Jefferson in Power: The Death Struggle of the Federalists. By Claude G. Bowers. Boston: Houghton Mifllin Company. $3.75.

In the context of modern and contemporary life, nothing is perhaps more natural than that the Right should be anti-democratic. If many of its members pay lip service to political democracy in times of their ascendancy, most of them realize that political democracy is a constant threat to that ascendancy. They need no very highly developed instinct to apprehend that an arrangement in which is implicit ultimate political power for the many cannot be expected always to operate in a manner favorable to the few. This is true in a narrower and in a broader perspective.

The history of the United States, like modern history in general, has witnessed several sporadic populist uprisings. Each case has been a specific threat to the privileged social and economic classes and to their followers. In the narrower perspective, such instances result merely in temporary substitutions of the outs for the ins. The champions of the masses of the people, who are normally the outs, assume office, but not complete power. The. former ins engage in an extremely bitter opposition. The character of this opposition may, in narrow perspective, be regarded as due partly to lack of familiarity with anything but complete power and partly to a vigorous determination to regain lost ground. In broader perspective, however, the bitterness of opposition on the part of the Right is undoubtedly due to a realization, conscious or unconscious, that all ground lost in a specific case can rarely, if ever, be wholly recovered, and that a particular and temporary victory of the many is perhaps symbolic of a possibly inevitable ultimate victory.

The eight years of Thomas Jefferson’s presidency followed the most striking populist revolution in American history. Therefore, the period is full of evidence for a study of the behavior of the Right when it is faced with a threat from political democracy. From this point of view, Mr. Claude G. Bowers’s new book, “Jefferson in Power,” a solid and scholarly work that is confined to the two terms of Jefferson’s Administration, is the best historical volume that can be consulted. Mr. Bowers incisively strikes beyond the “living” Jefferson—beyond liberalism, laissez faire, states’ rights, and the rest of it—right to the heart of the matter. He strongly insists and clearly shows that the fundamental cause of the attitude of the Federalists, who attacked with a bitterness which has been relatively seldom equaled and never exceeded, was a fear and a hatred of democracy.

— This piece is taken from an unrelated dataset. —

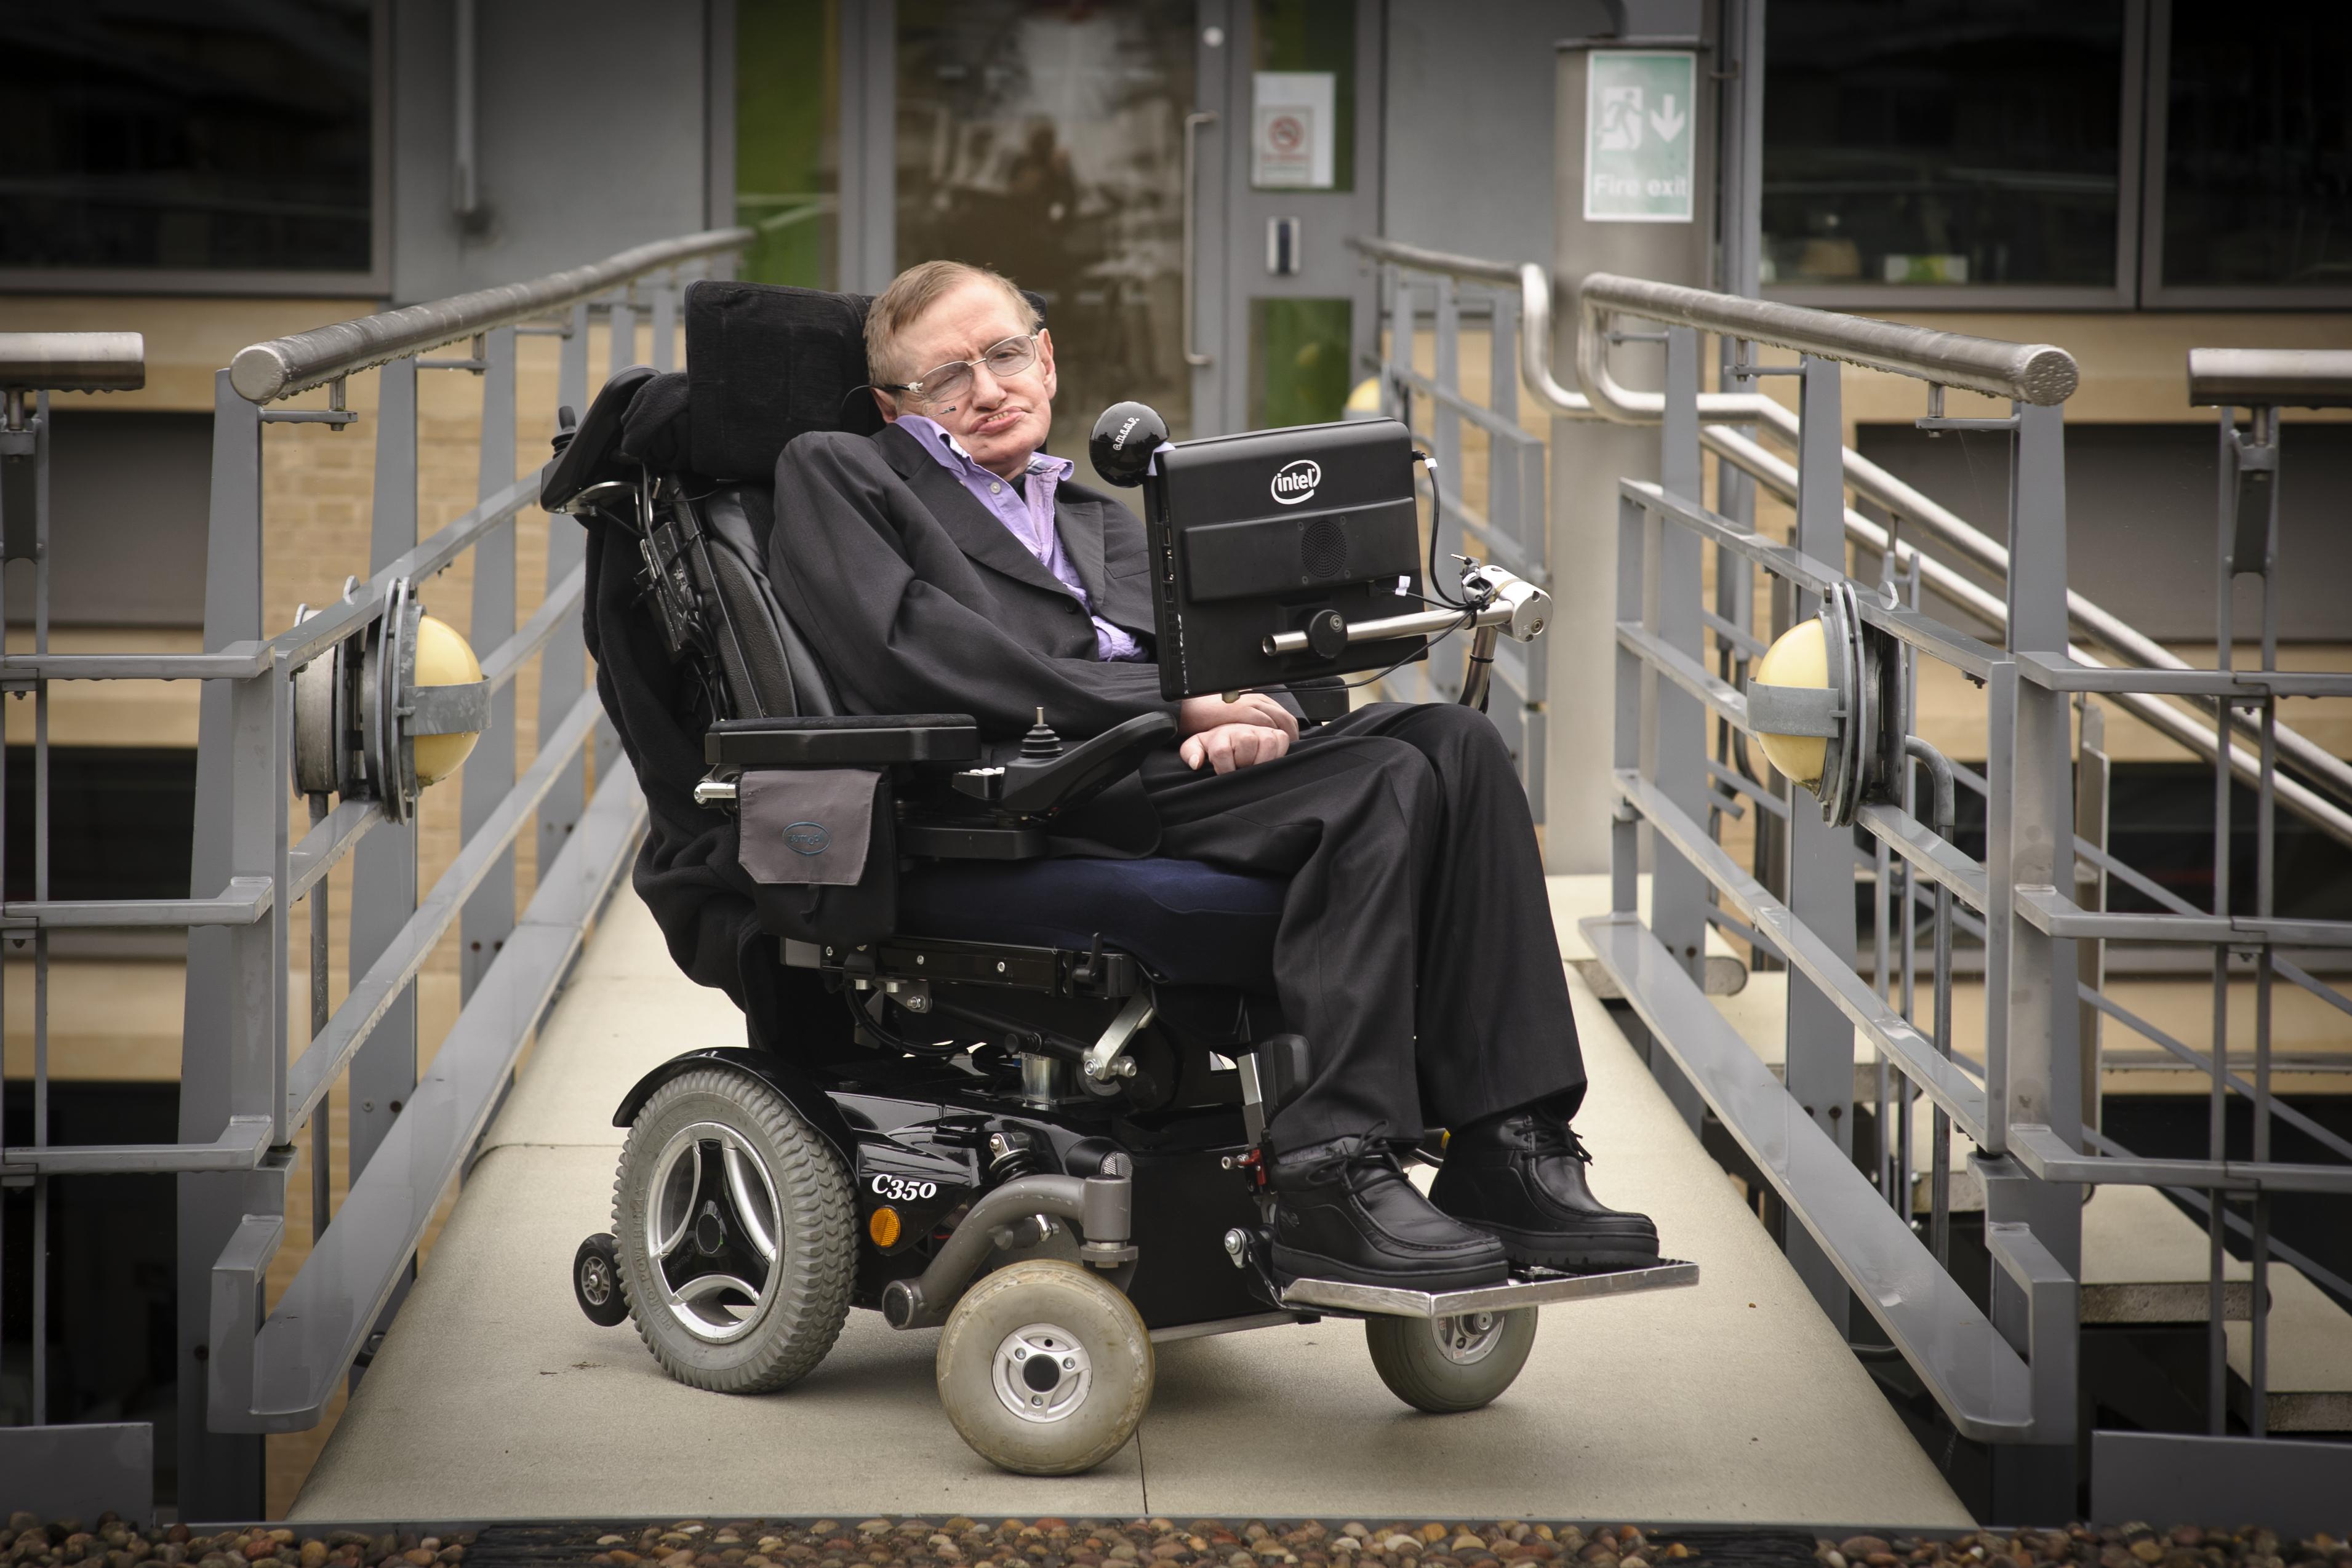 Stephen Hawking meninggal usia 76 tahun, ini pernyataan resmi keluarga
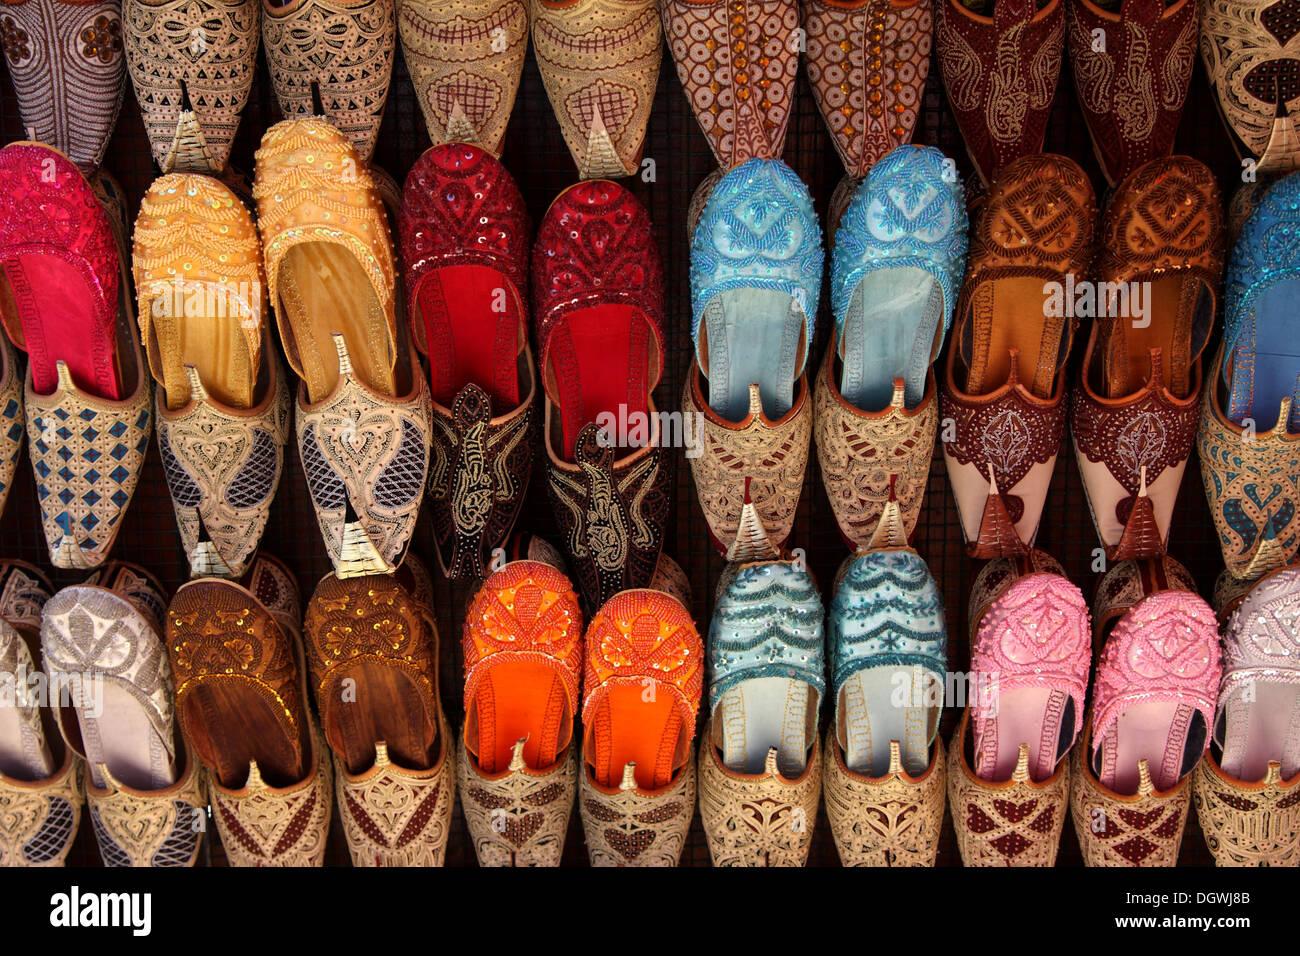 037ec3d31f89 Anzeige der bunte indische Schuhe zum Verkauf in Bur Dubai Souk, Dubai,  Vereinigte Arabische

So far as the wider perspective is concerned, Mr. Bowers undoubtedly implies, though he does not explicitly state, that the convulsions of the Federalists were somewhat more pronounced than in most similar particular cases, since they were the contortions of a death struggle. Further than this he, being an historian, properly does not go. Though the publication of his book at this time is probably not accidental, the author in no instance points a moral in respect of the present political scene. He frequently takes square issue with Federalist historians, who he feels have been extremely unfair to Jefferson; yet he makes no reference to the real parallels between Jefferson’s times and ours, and he does not expressly expose the curiously distorted ways in which Jefferson’s words and deeds are being at present invoked. He leaves these tasks to the individual reader. With Mr. Bowers’s narrative available, the discriminating cannot ask more.

More than a plausible case can probably be made out for the view that both the immediate and the more remote future of American life are in a peculiar degree dependent on the extent to which the business interests of America and persons within the ambit of their influence are capable of real change. More especially, the future of this country appears to be bound up with the question whether members of the Right can become good losers. A great part of the available evidence, it must be admitted, is not highly favorable to an affirmative answer. At the same time, nothing but an affirmative answer seems to hold out any encouragement of an escape from one or the other of the much discussed twin extremes of fascism and communism. The obligation on the part of the Right is commensurate with the importance of avoiding these extremes.